Production

Reaction Shot

Sam watching Frodo leave — the edit that tells you how to feel without a single word of dialogue.

A reaction shot is footage of a subject's face or body showing their emotional response to something that just happened in the previous shot — a question asked, information revealed, an event witnessed. In a two-person interview, the host's nodding, listening face while the subject speaks is a reaction shot. In a panel discussion, a panelist's surprised expression in response to an unexpected claim is a reaction shot. In a product demo, the user's genuine delight when a feature works unexpectedly well is a reaction shot. The subject of a reaction shot is not the primary action but the human response to it — and in film and video, human response is what creates emotional resonance for the viewer.

The psychological power of reaction shots derives from an evolutionary mechanism: humans are instinctively attentive to other humans' faces, particularly emotional expressions, as a social survival tool. When we see someone express joy, we unconsciously tend to feel joy; when we see someone express disgust or fear, we unconsciously process it as a warning signal. Editors use this reflex deliberately by cutting to reaction shots at emotionally significant moments — the moment of surprise, the moment of understanding, the moment of laughter. The viewer's emotional state is modulated by what they see on the face of the person in the reaction shot, not just by what they hear said.
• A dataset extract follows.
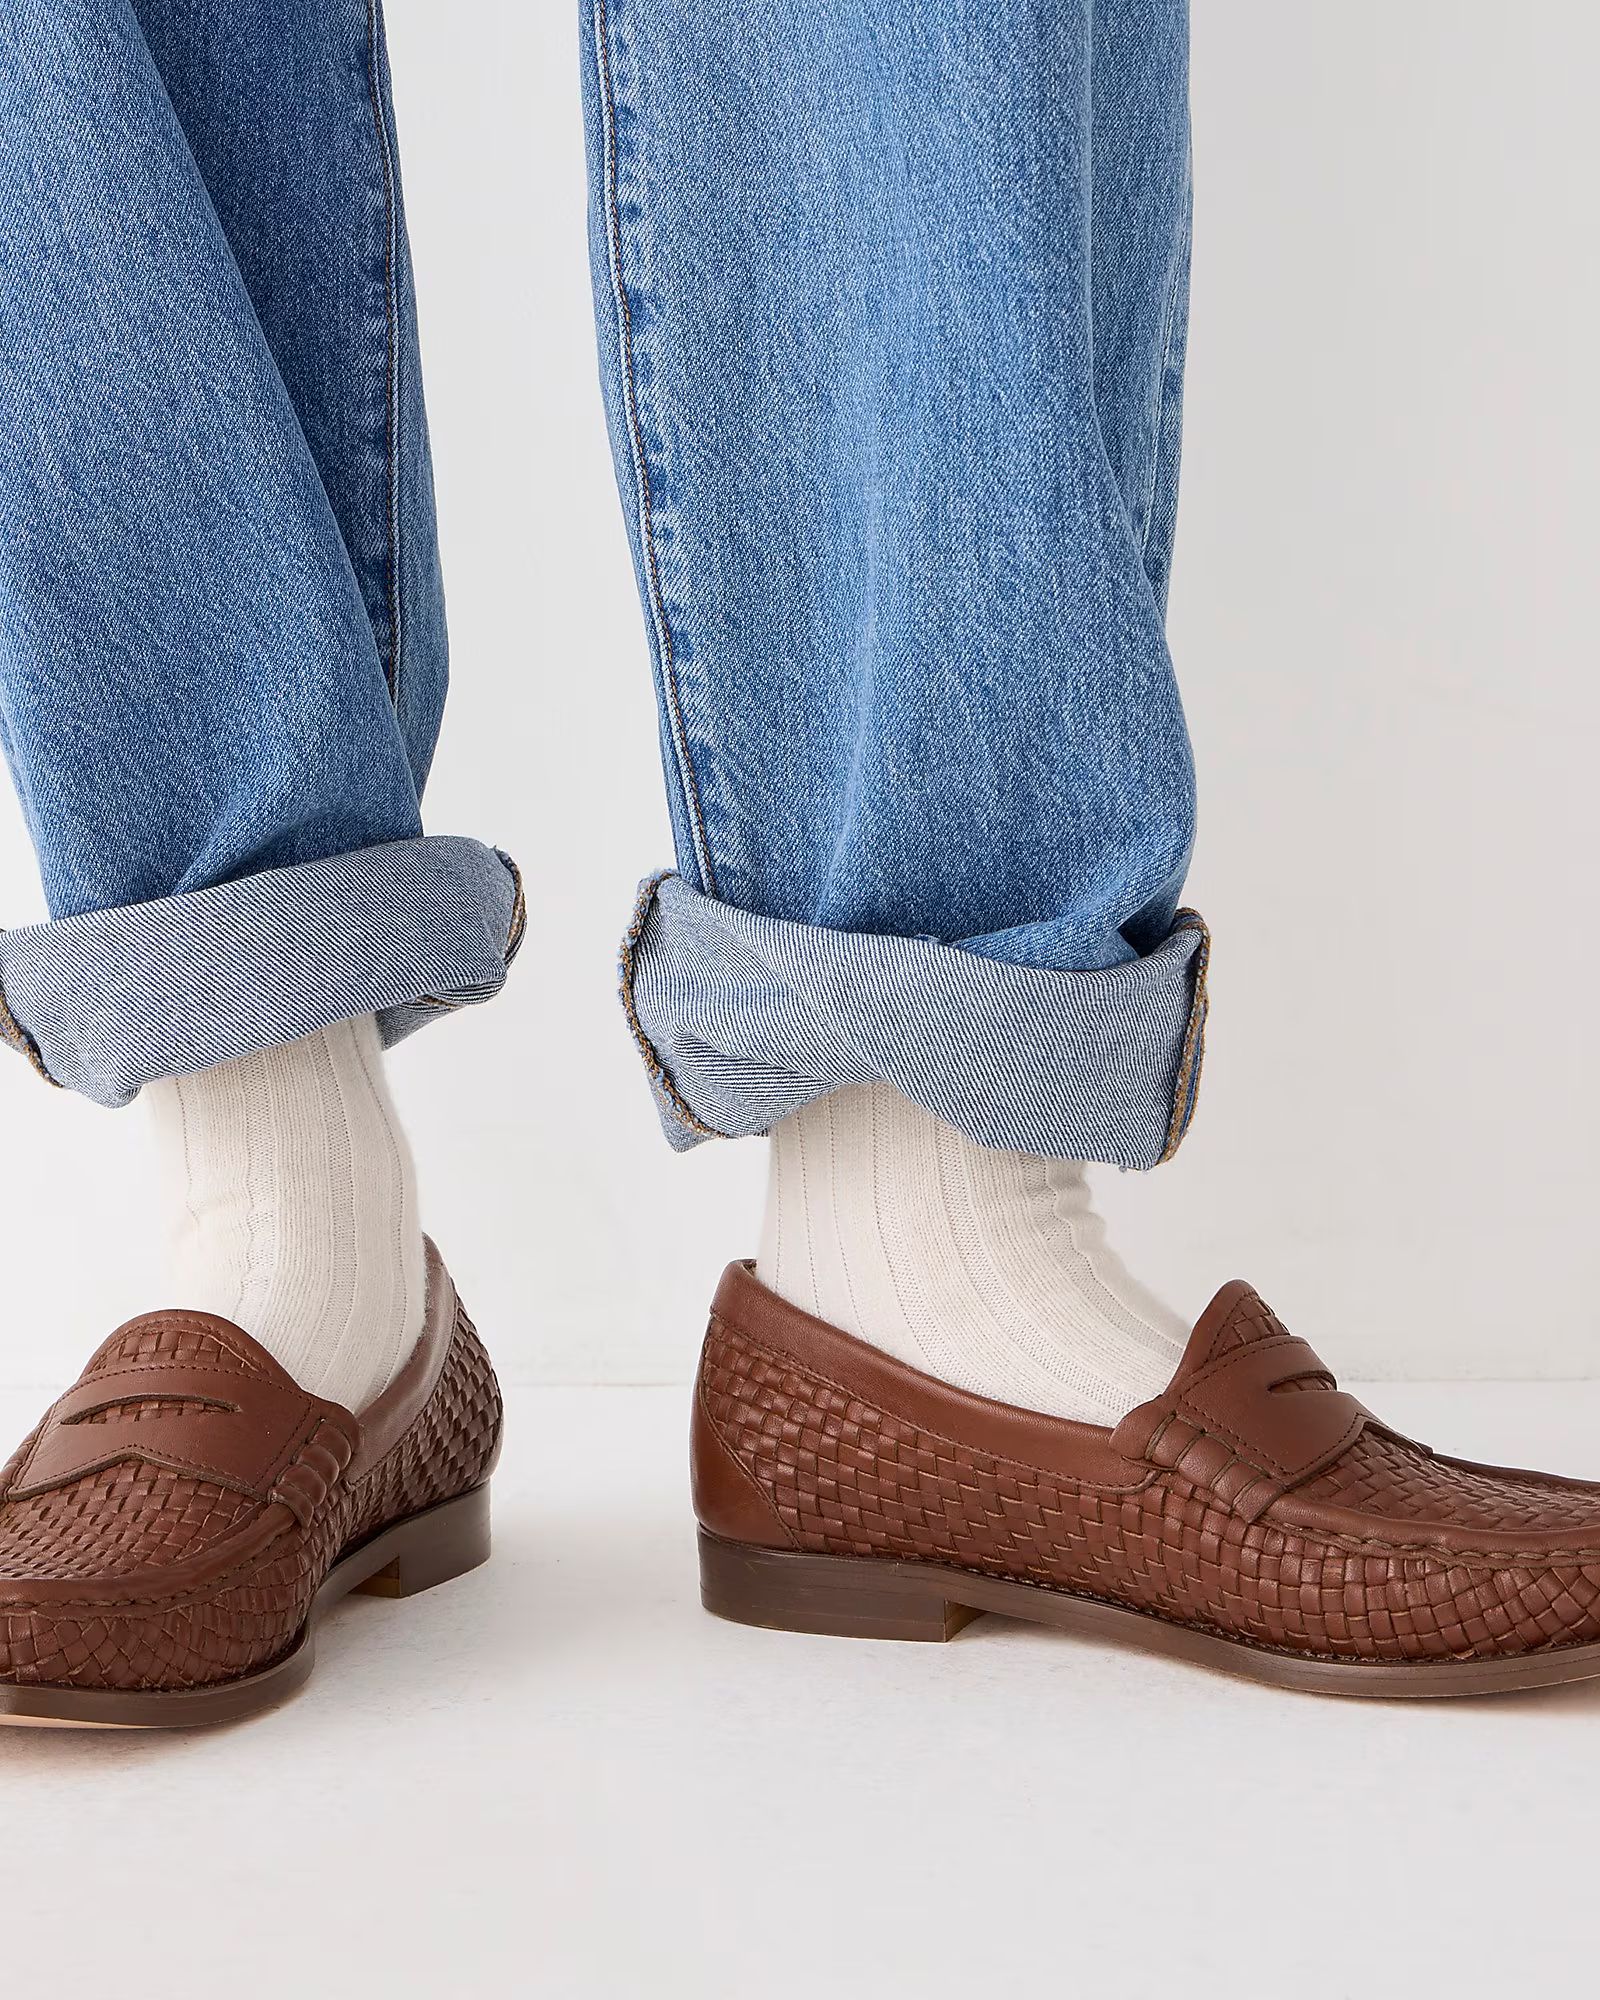 Winona penny loafers in woven Italian leather | J.Crew US

For B2B video, reaction shots are most valuable in testimonial and documentary formats where authentic human response is the primary vehicle of credibility. A customer testimonial that shows only the talking head feels less trustworthy than one that includes reaction shots of the customer smiling, nodding, or visibly moved by what they're saying — the reactions read as evidence that the emotion is real. For interview coverage, shooting reaction shots of the interviewer or host while the subject speaks provides essential cutaway material that allows editors to trim the subject's dialogue, cover jump cuts, and control the pacing of the final piece without visible editing artifacts. This is one of the most common and overlooked coverage elements in single-camera corporate interview production.